November 18, 2022
The Rev. Stefan Zürcher of Switzerland has been elected as a United Methodist bishop by delegates at the Central and Southern Europe Central Conference.
Zürcher, 55, was elected Nov. 18, at a special called central conference gathering in Basel. On the fourth ballot, he received 41 of 68 votes cast. He has served as district superintendent of Northwestern Switzerland since 2015.
Delegates met Nov. 16-20 to elect a bishop to fill the vacancy that will be created when Bishop Patrick Streiff retires Aug. 1, 2023. By then, Streiff will have led the conference for more than 17 years. The delegates also engaged in dialogue sessions on church unity and the future of the conference.
Upon his election, Zürcher told the assembly he was “joyful for the opportunity.”
“I will make every effort to fulfill the task you have given me,” he said, speaking in German.
Zürcher was elected by the 68 voting delegates, an equal number of United Methodist clergy and laity, from the 13 countries that form the central conference. The conference extends from Algeria in the south to Poland in the north, and from France in the west to Romania in the east.
The United Methodist Church is divided into large regions called central conferences in Africa, Europe and the Philippines, and jurisdictional conferences in the United States. Each conference comprises a number of annual conferences in the region that in turn comprise districts of local churches.
Bishops Streiff and Zürcher will travel together to the annual conference gatherings in 2023, and at the end of each gathering, Streiff will turn authority for that conference over to the new bishop.

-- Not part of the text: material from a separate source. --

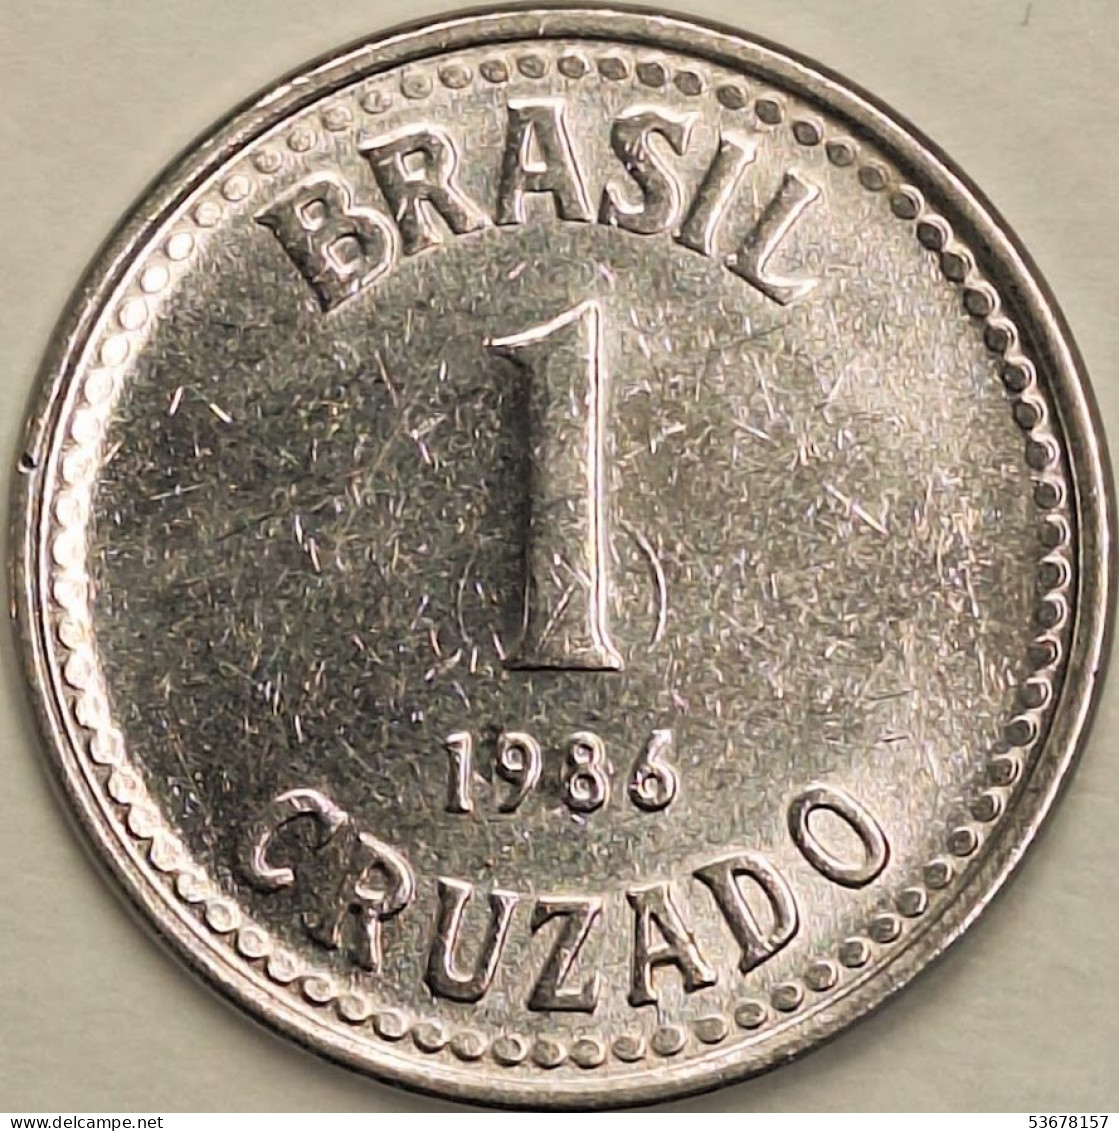 Brazil - Cruzado 1986, KM# 605 (#3262) - Brazil

Zürcher has held leadership positions at every level of the church. Since 2016, he has been a member of the United Methodist Connectional Table. He also is a lecturer for the Methodist eAcademy. At the annual conference level, he has been involved in lay preachers’ training and has been the head of the crisis team of the UMC Switzerland since 2017. His work as a pastor also includes service as an Army chaplain.
Ordained in 2003, he served local church appointments from 2000 to 2015. He studied at Reutlingen School of Theology from 1995 to 2000 and currently serves on the school’s council. In 2019, he received his doctorate from the University of Zurich in the Faculty of Theology.

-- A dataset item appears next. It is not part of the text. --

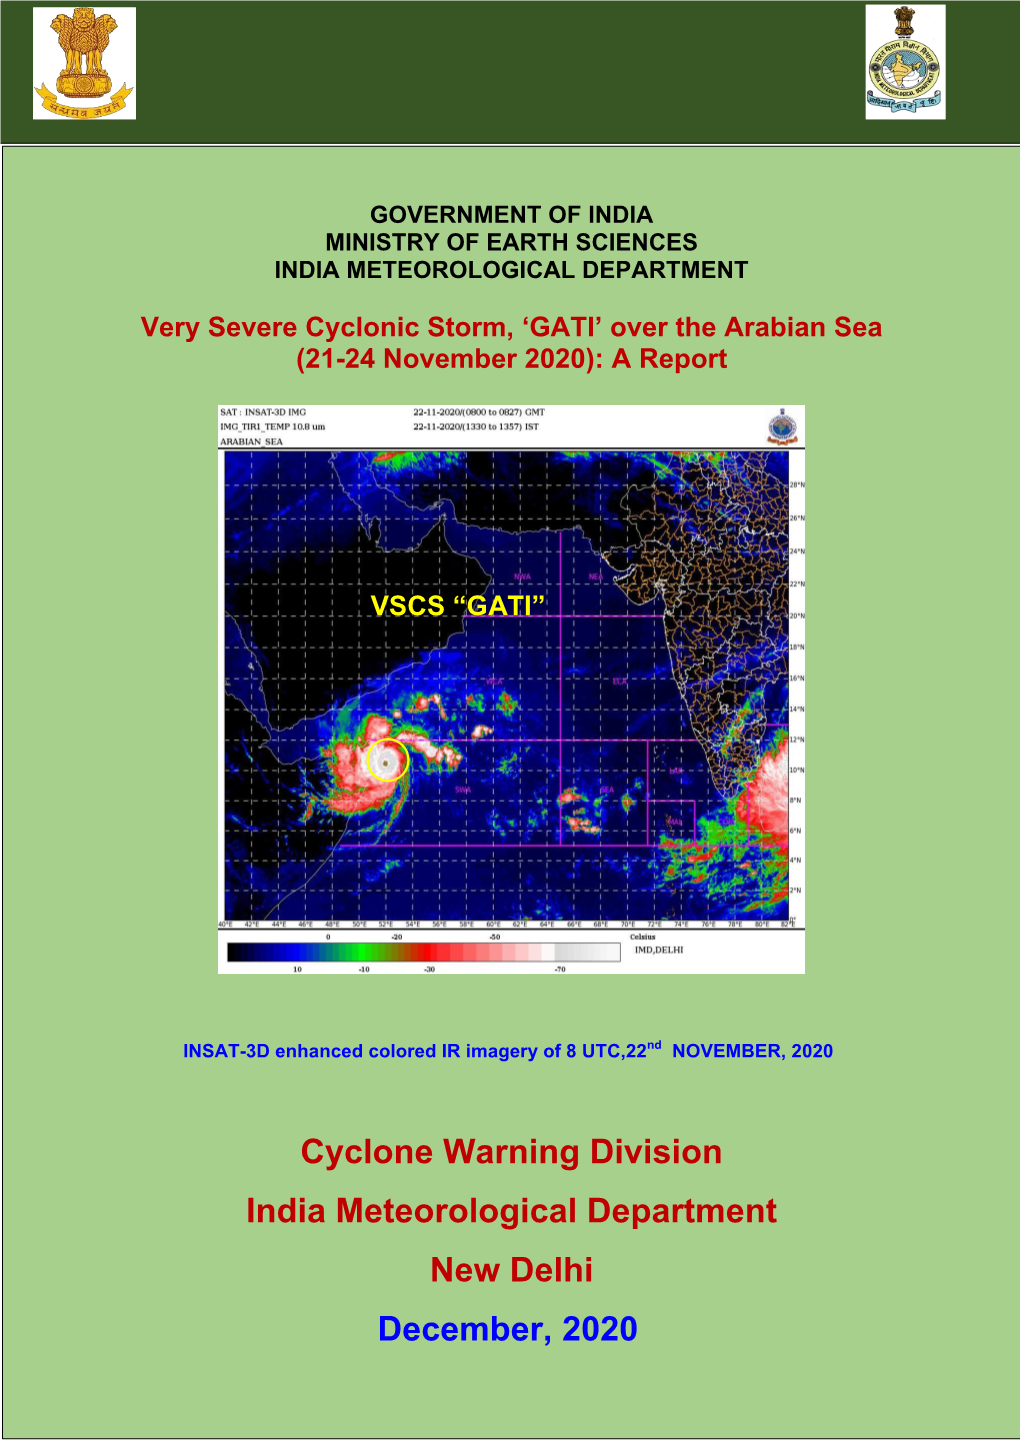 Cyclone Warning Division India Meteorological Department New Delhi December, 2020

He and his wife Valérie have four adult children.
In a written biographical statement, Zürcher said he wants to strengthen and promote the church’s solidarity.
“I am not a strategist, but see myself as someone who helps to make things possible and creates space in which people can experiment and in which, when the time is right and God gives it, something can grow,” he wrote.
Addressing the conference, Zürcher, who has a background in botany, said he is “always very happy when I see lots of flowers.”
“What connects us is the common ground, where our roots are, where we take our common strength, where we take our nourishment,” he said, speaking in German.
Zürcher will serve a six-year term, which will end when the central conference meets following the 2028 General Conference, the denomination’s top lawmaking assembly.
The United Methodist Book of Discipline, the denomination’s law book, directs each bishop to “guard the faith, order, liturgy, doctrine, and discipline of the Church” and to “lead all persons entrusted to their oversight in worship, in the celebration of the sacraments, and in their mission of witness and service in the world.” Bishops also are to be “prophetic voices and courageous leaders in the cause of justice for all people.”